§ What this task involves
The entries are to be repeated verbatim, with nothing left out.

§ Dataset
>>>>

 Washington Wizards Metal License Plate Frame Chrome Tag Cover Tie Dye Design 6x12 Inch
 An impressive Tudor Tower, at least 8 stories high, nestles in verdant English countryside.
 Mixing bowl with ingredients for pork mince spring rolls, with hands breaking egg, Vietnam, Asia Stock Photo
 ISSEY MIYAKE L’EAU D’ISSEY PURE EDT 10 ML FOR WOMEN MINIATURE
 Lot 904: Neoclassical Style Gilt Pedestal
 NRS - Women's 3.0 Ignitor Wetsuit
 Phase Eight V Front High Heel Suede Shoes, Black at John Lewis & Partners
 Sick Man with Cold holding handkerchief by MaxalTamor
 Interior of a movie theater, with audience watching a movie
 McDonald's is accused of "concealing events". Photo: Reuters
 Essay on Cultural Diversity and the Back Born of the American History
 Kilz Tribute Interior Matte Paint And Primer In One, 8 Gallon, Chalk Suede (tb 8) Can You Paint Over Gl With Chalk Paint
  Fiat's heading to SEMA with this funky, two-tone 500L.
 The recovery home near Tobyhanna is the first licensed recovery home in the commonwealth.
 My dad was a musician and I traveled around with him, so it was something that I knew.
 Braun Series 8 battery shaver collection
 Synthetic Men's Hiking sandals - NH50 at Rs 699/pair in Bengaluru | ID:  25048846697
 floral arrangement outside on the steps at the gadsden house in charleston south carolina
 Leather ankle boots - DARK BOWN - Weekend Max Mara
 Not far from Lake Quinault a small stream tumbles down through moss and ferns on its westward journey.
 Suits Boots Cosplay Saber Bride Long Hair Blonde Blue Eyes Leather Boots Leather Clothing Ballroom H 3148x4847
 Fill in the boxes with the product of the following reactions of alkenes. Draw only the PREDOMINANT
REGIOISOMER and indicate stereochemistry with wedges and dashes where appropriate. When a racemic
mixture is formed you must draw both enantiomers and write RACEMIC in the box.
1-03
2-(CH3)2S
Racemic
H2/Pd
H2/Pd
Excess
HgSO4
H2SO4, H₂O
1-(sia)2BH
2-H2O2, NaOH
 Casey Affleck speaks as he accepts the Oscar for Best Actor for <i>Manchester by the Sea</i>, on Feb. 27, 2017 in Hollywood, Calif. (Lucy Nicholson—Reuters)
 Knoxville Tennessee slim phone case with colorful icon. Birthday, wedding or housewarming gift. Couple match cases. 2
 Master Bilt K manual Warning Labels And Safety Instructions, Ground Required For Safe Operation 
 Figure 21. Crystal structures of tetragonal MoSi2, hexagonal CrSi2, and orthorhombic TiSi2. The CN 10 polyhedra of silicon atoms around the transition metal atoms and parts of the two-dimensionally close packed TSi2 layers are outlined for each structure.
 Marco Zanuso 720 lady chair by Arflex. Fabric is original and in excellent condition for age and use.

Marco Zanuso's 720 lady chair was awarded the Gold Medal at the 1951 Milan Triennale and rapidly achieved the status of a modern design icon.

<<<<

§ Solution to this task
 Washington Wizards Metal License Plate Frame Chrome Tag Cover Tie Dye Design 6x12 Inch
 An impressive Tudor Tower, at least 8 stories high, nestles in verdant English countryside.
 Mixing bowl with ingredients for pork mince spring rolls, with hands breaking egg, Vietnam, Asia Stock Photo
 ISSEY MIYAKE L’EAU D’ISSEY PURE EDT 10 ML FOR WOMEN MINIATURE
 Lot 904: Neoclassical Style Gilt Pedestal
 NRS - Women's 3.0 Ignitor Wetsuit
 Phase Eight V Front High Heel Suede Shoes, Black at John Lewis & Partners
 Sick Man with Cold holding handkerchief by MaxalTamor
 Interior of a movie theater, with audience watching a movie
 McDonald's is accused of "concealing events". Photo: Reuters
 Essay on Cultural Diversity and the Back Born of the American History
 Kilz Tribute Interior Matte Paint And Primer In One, 8 Gallon, Chalk Suede (tb 8) Can You Paint Over Gl With Chalk Paint
  Fiat's heading to SEMA with this funky, two-tone 500L.
 The recovery home near Tobyhanna is the first licensed recovery home in the commonwealth.
 My dad was a musician and I traveled around with him, so it was something that I knew.
 Braun Series 8 battery shaver collection
 Synthetic Men's Hiking sandals - NH50 at Rs 699/pair in Bengaluru | ID:  25048846697
 floral arrangement outside on the steps at the gadsden house in charleston south carolina
 Leather ankle boots - DARK BOWN - Weekend Max Mara
 Not far from Lake Quinault a small stream tumbles down through moss and ferns on its westward journey.
 Suits Boots Cosplay Saber Bride Long Hair Blonde Blue Eyes Leather Boots Leather Clothing Ballroom H 3148x4847
 Fill in the boxes with the product of the following reactions of alkenes. Draw only the PREDOMINANT
REGIOISOMER and indicate stereochemistry with wedges and dashes where appropriate. When a racemic
mixture is formed you must draw both enantiomers and write RACEMIC in the box.
1-03
2-(CH3)2S
Racemic
H2/Pd
H2/Pd
Excess
HgSO4
H2SO4, H₂O
1-(sia)2BH
2-H2O2, NaOH
 Casey Affleck speaks as he accepts the Oscar for Best Actor for <i>Manchester by the Sea</i>, on Feb. 27, 2017 in Hollywood, Calif. (Lucy Nicholson—Reuters)
 Knoxville Tennessee slim phone case with colorful icon. Birthday, wedding or housewarming gift. Couple match cases. 2
 Master Bilt K manual Warning Labels And Safety Instructions, Ground Required For Safe Operation 
 Figure 21. Crystal structures of tetragonal MoSi2, hexagonal CrSi2, and orthorhombic TiSi2. The CN 10 polyhedra of silicon atoms around the transition metal atoms and parts of the two-dimensionally close packed TSi2 layers are outlined for each structure.
 Marco Zanuso 720 lady chair by Arflex. Fabric is original and in excellent condition for age and use.

Marco Zanuso's 720 lady chair was awarded the Gold Medal at the 1951 Milan Triennale and rapidly achieved the status of a modern design icon.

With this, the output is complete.